Prologue poem, addressed to Tullus
1 Cynthia was the first. She caught me with her eyes, a foolwho had never before been touched by desires.
I really hung my head in shame
when Love pressed down on it with his feet.
He taught me to hate chaste girls!
He was cruel when he told me to live without plan.
It's already been a whole year that the frenzy hasn't stopped.
Even now, the gods are against me.
Milanion wasn't afraid of anything, Tullus,
when he crushed hard Atalanta's savagery.
He wandered mad in Parthenian caves,
face to face with hairy beasts.
Another time, shocked by a wound from Hylaeus'
stick, he groaned loudly on the Arcadian cliffs.
That's how he was able to dominate that brilliant girl:
in love, you've got to pray a lot and do a lot.
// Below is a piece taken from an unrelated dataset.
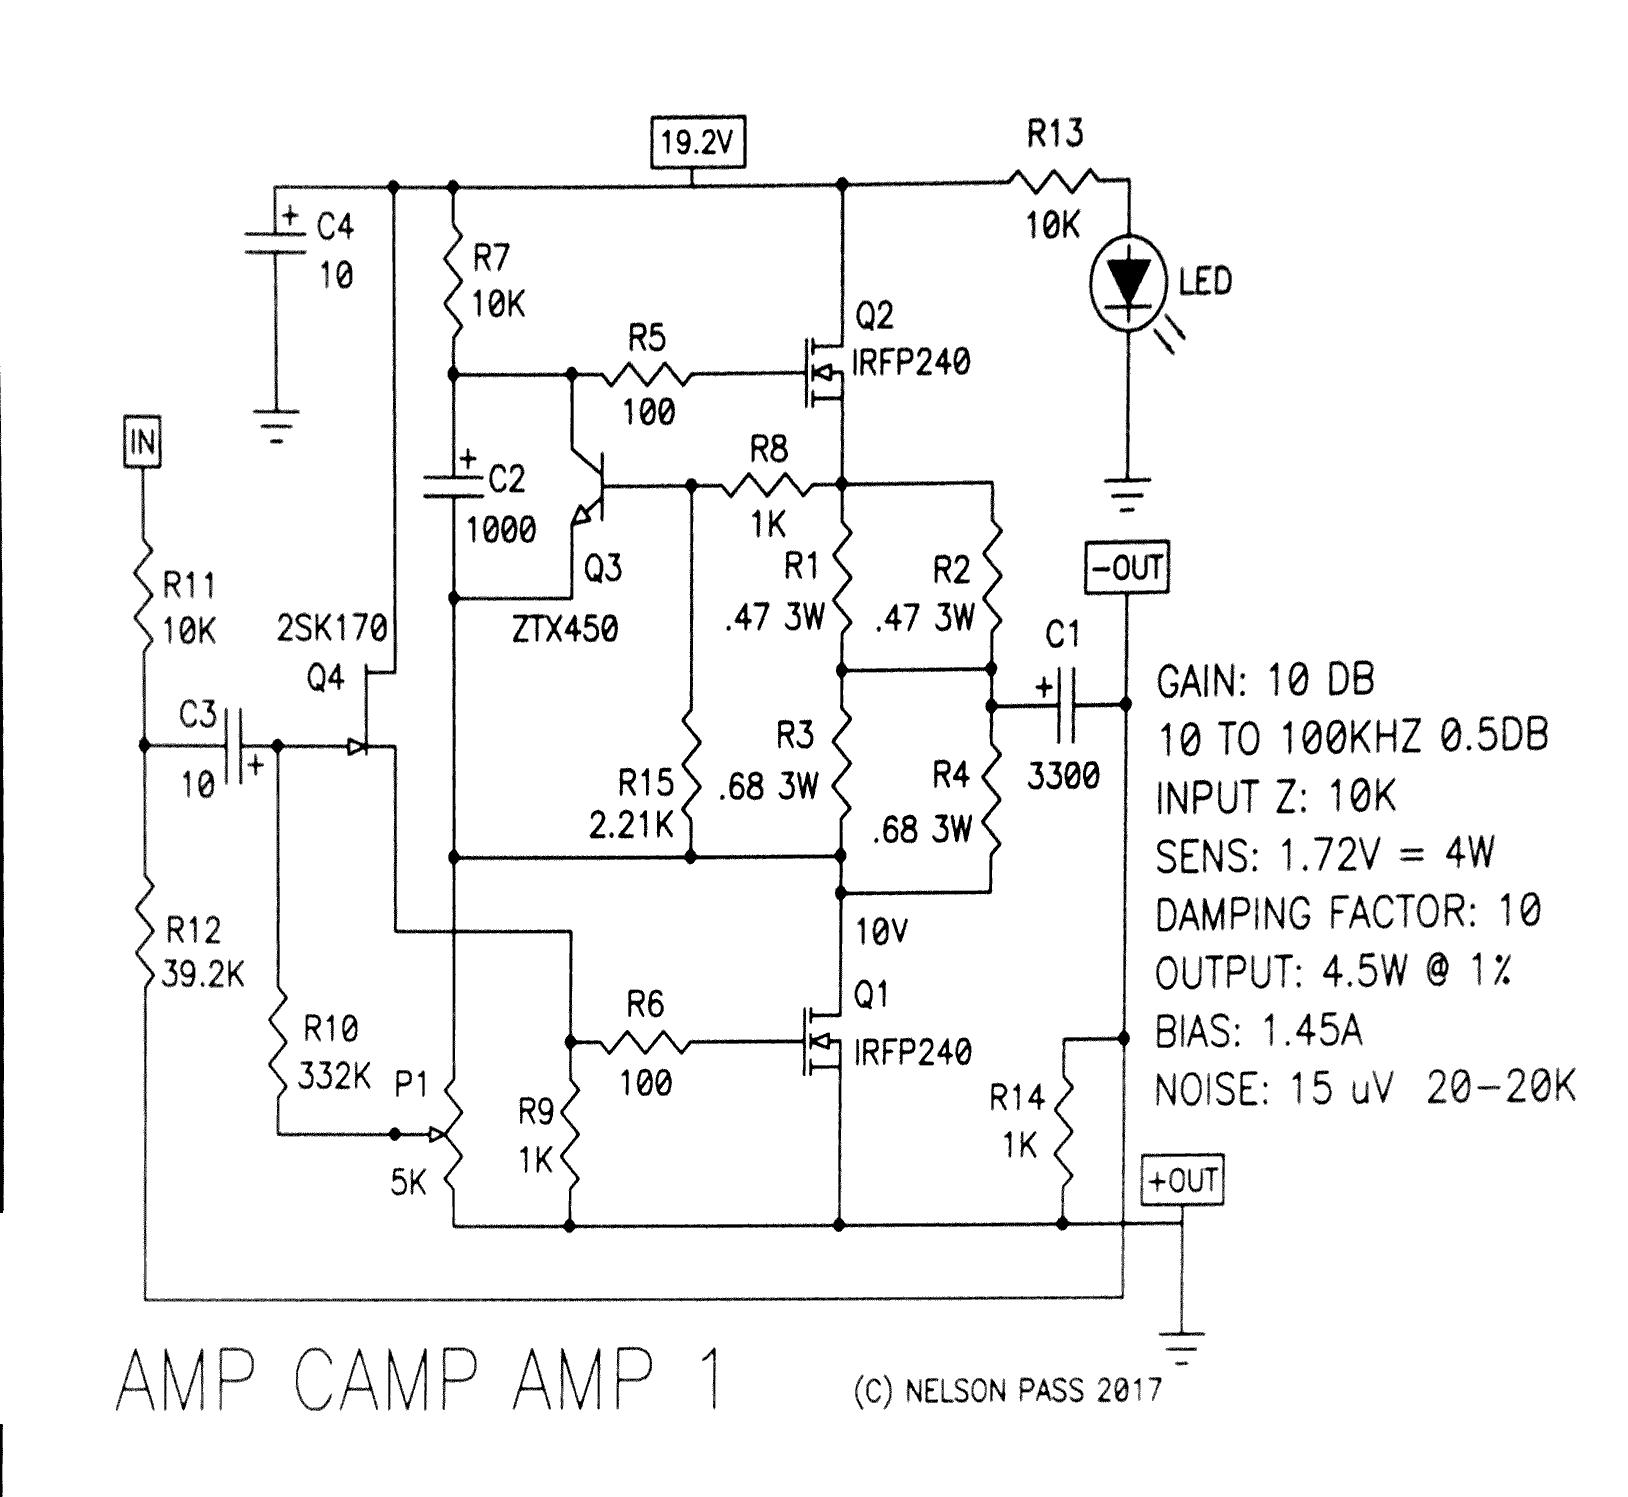 ACA V1.5 Illustrated Build Guide-aca1v1a-map-png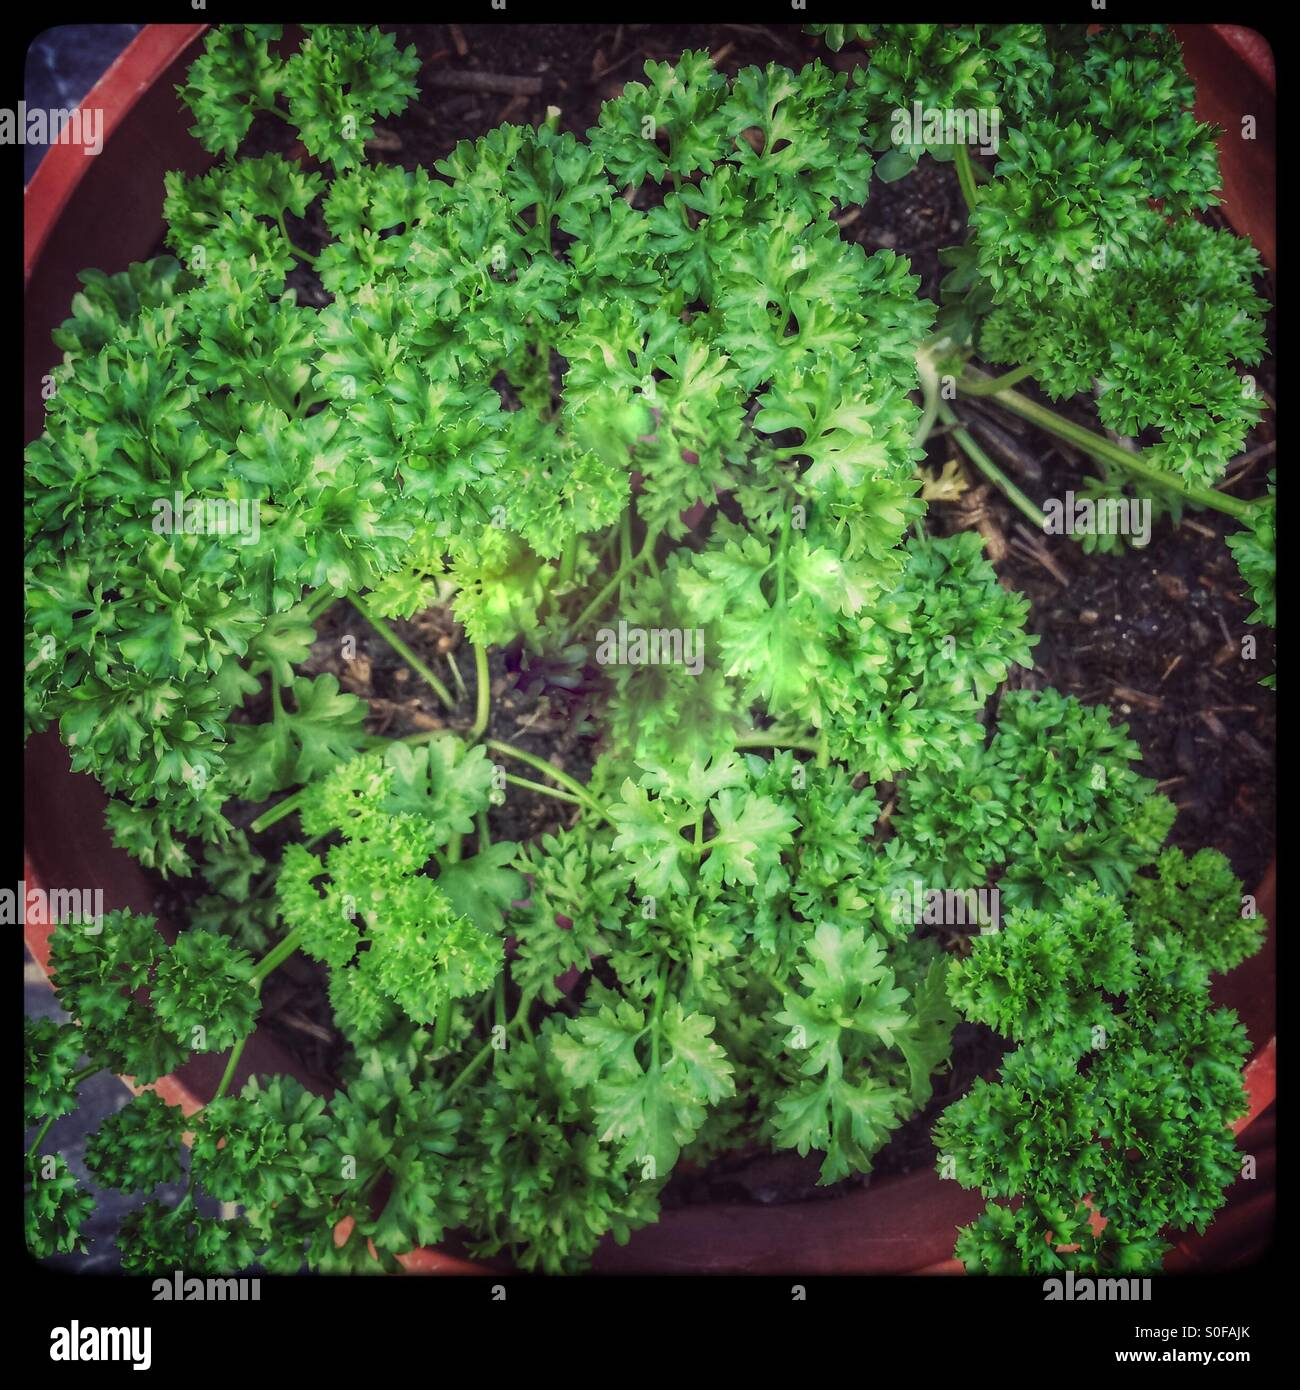 parsley pot photos parsley pot images alamy. Black Bedroom Furniture Sets. Home Design Ideas

But in me Love is slow, does not stimulate any art,
and he forgets to go on ways he used to know
You who do that trick with the moon,
who perform rites on magic altars,
change my mistress' mind,
make her face more pale than my own!
Then I'll believe in you, that you can lead stars
and Medea's streams from their paths with songs.
But you, who called me too late as I was slipping, friends,
get help for the insane.
Bravely will I endure knife and savage fires,
just let me say whatever I want in my rage.
Take me to exotic peoples, across the waves,
where no woman may know my path.
You stay, to whom the god has easily consented,
stay equal always, throughout your love.
On me old Venus works bitter nights,
and Love is at no time absent.
Don't do what I do, I'm warning you. Keep to yourself,
don't move from an accustomed love.
Because if anyone should turn slow ears to my warnings,
you'll see how they'll come back to haunt him!